= Eidum =

Historic place on the German island of Sylt

Eidum or Eydum (Ejdum, North Frisian: Eidem) was a historic place on the German (former: Danish) island of Sylt in the North Sea. It was several hundred metres west of the present coast line of the present-day village of Westerland.

==History==

According to historic tradition the settlement of Eidum was destroyed several times by storm tides and then rebuilt again. The All Saints Day Flood of 1436 probably wreaked so much damage and so many casualties in the village of Eidum that survivors left it and founded a new settlement about 2 kilometres further east. Their choice alighted on the higher geest ridge in the area of Tinnum. This settlement was called Südhedig; from it arose the present day village of Westerland. The later name "Westerland" is supposed to have derived from an old Tinnum field name, on which this new settlement stood. The land was west of the village, hence "Wester-land".

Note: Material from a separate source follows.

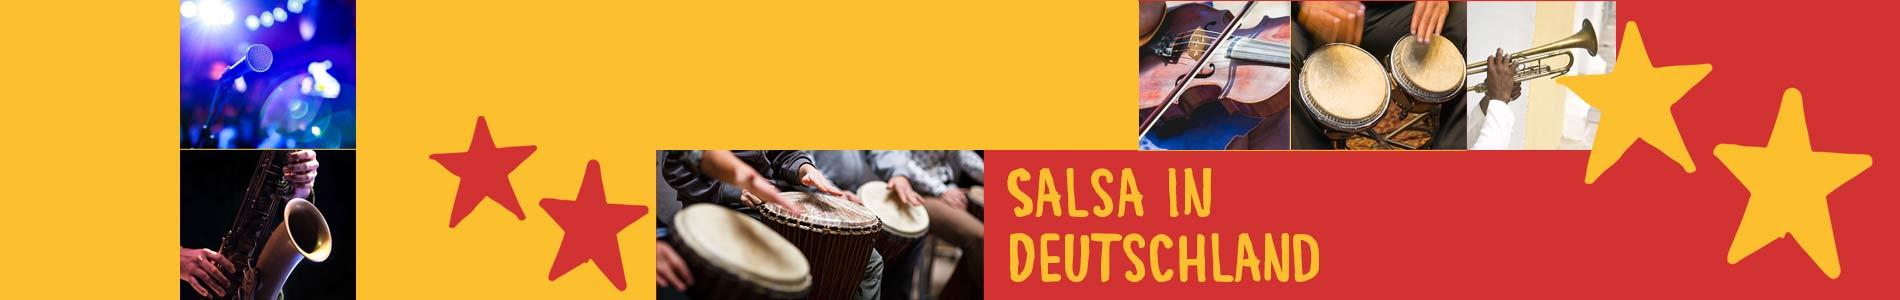 Salsa in Dettelbach – Salsa lernen und tanzen, Tanzkurse, Partys, Veranstaltungen

The church of Eidum was reportedly destroyed in a storm tide in 1300. Another church building that was located southwest of modern Westerland had to be abandoned because of migrating sand dunes in 1634 or 1635. Its successor, the third church of Eidum, was built further east in 1637. The Eidum church was mentioned for the last time in the Dankwardt Chronicle of 1652.

According to an account from 1839, the last remnants of old Eidum were still visible on the seafloor in 1806 at extremely low tide.